Whereas the causes of prion diseases that are genetically inherited or acquired by infection have been extensively studied and now quite well known, the cause of sporadic prion diseases is still a topic of speculation.⁴¹ Among the many mechanisms that have been proposed to provoke sporadic prion disease, the mechanism that is supported by the most compelling evidence is a mechanism in which malfunction of the so called quality control complex in cells is responsible for initiation of the disease.⁴² The cellular quality control complex acts like a set of enzymes which assist newly synthesized polypeptides to “grow” to their proper conformation and also play a role in disposal of those polypeptides that fail to adopt the native structure. Therefore, a lowered efficiency of the quality control complex, perhaps due to aging or if the quality control complex becomes overwhelmed by excessive protein production, may result in errors in protein folding occurring and the production of misfolded proteins.

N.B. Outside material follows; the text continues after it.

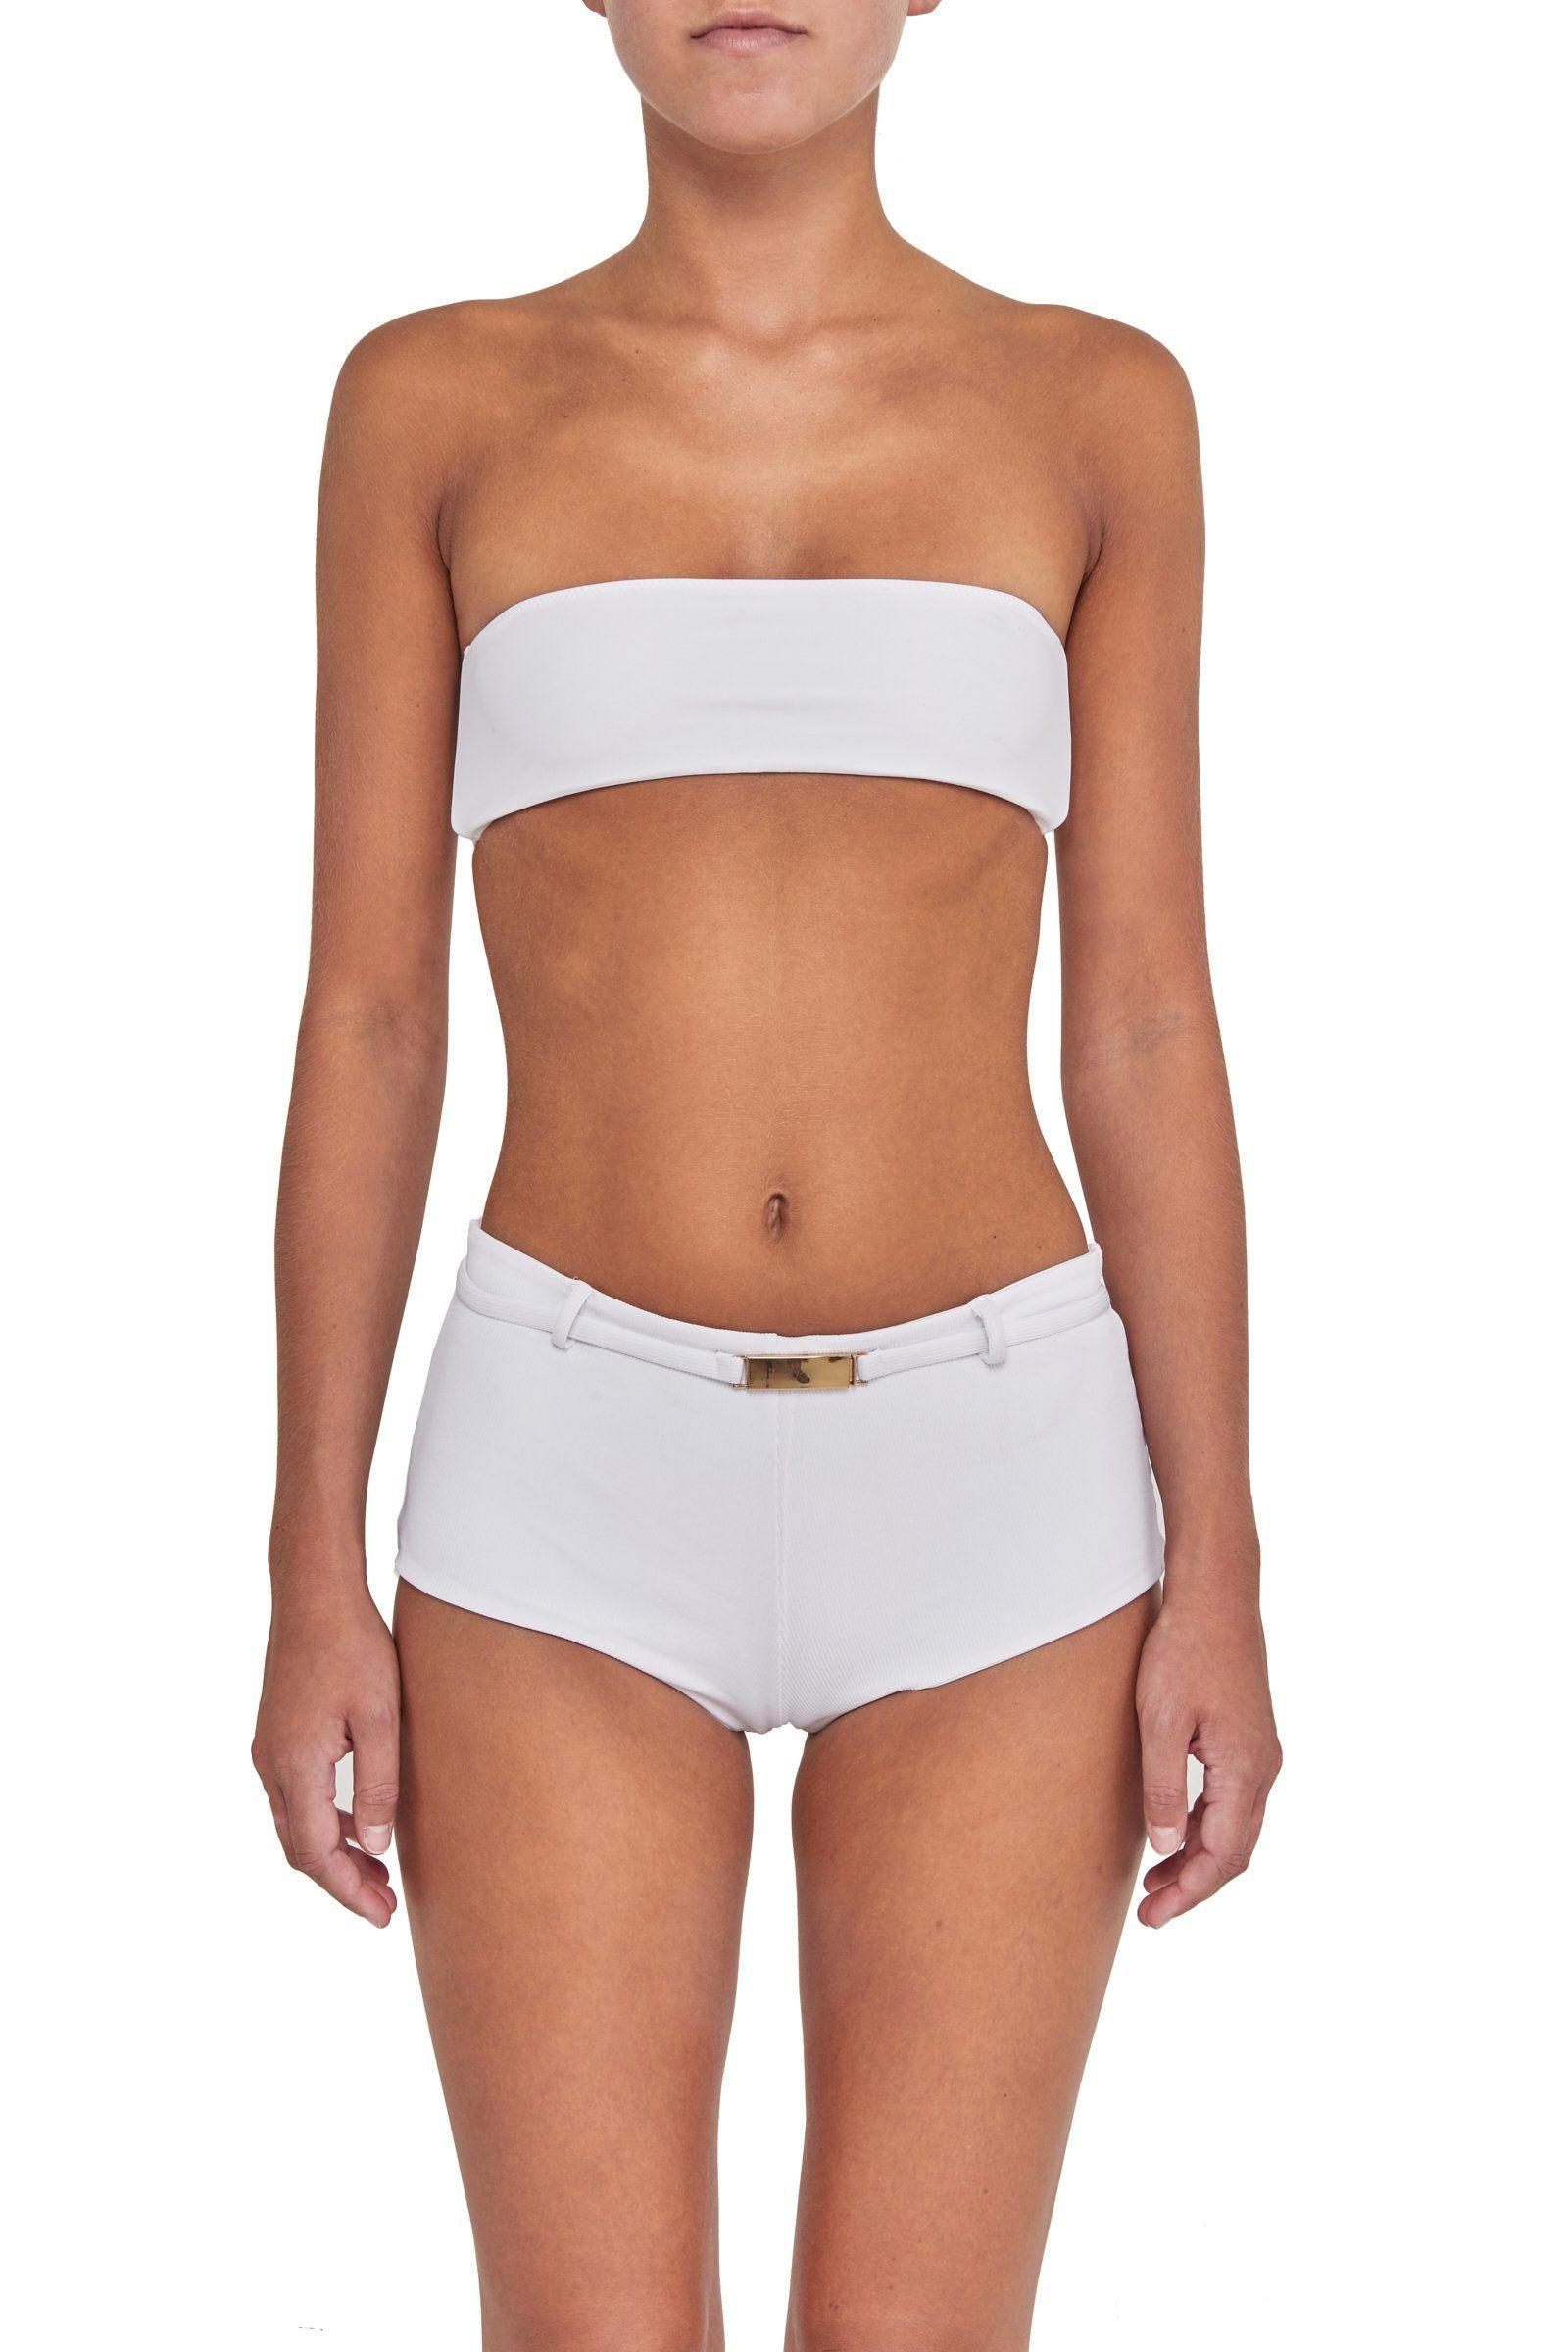 types of bikini bottoms 293192 1621302592524

One of the inherited prion diseases is Gerstmann–Sträussler–Scheinker disease (GSS). GSS is caused by a pathological mutation in the prion protein gene (PRNP) located on chromosome 20.It is a very rare disease with autosomal dominant inheritance. The age of onset of GSS is relatively early but the disease progresses slowly with an average illness duration of 49–57 months (until death).^43,44 The typical GSS syndrome includes prominent ataxia, gait disturbances, cognitive decline and spasticity in the lower extremities.^45,46 Rarely the syndrome may also include painful dysesthesias and visual disturbances, dystonia and myoclonus and dementia.^45,47,48 A GSS case attributable to an A133V mutation in PRNP resulted in an uncommon phenotype similar to that of progressive supranuclear palsy.⁴⁹ Several other pathological variations that cause GSS have been described. The most common mutation in PRNP is P102L, which is found in more than 80% of cases.⁵⁰ The P102L mutation was found in the original GSS pedigree.⁵¹ Other mutations in PRNP known to cause GSS include P105L, P105S, A117V, G131V, Y145*, H187R, D202N, Q212P, Q217R, M232T, and base-pairs insertions at positions 96, 192, or 216.⁵²

Recently, several GSS cases with novel PRNP mutations were reported. A 61-year-old British-born woman with no history of neurodegenerative disorder among her first-degree relatives in Australia presented with a rapidly progressive dementia. Sequencing of the PRNP gene demonstrated a V176G mutation. Subsequent Western blot analysis resulted in the detection of an 8 kDa atypical protease-resistant PrP band.⁵³ Sequencing of the PRNP gene of another GSS patient (this one in North America) revealed a 24-nucleotide insertion that when translated would result in a protein product with an 8-amino acid insertion.⁵⁴ Independent neuropathological studies of 2 GSS pedigrees with the P102L mutation obtained divergent findings.^55,56 The authors note that the variable clinical presentation of GSS patients (even those with the same PRNP mutation) makes diagnosis of GSS challenging and in some families the presence of GSS may be missed. Routine clinical and laboratory investigations, sequence analysis of the PRNP gene and post-mortem examination are recommended in all cases with a family history of any type of neuropsychiatric syndrome.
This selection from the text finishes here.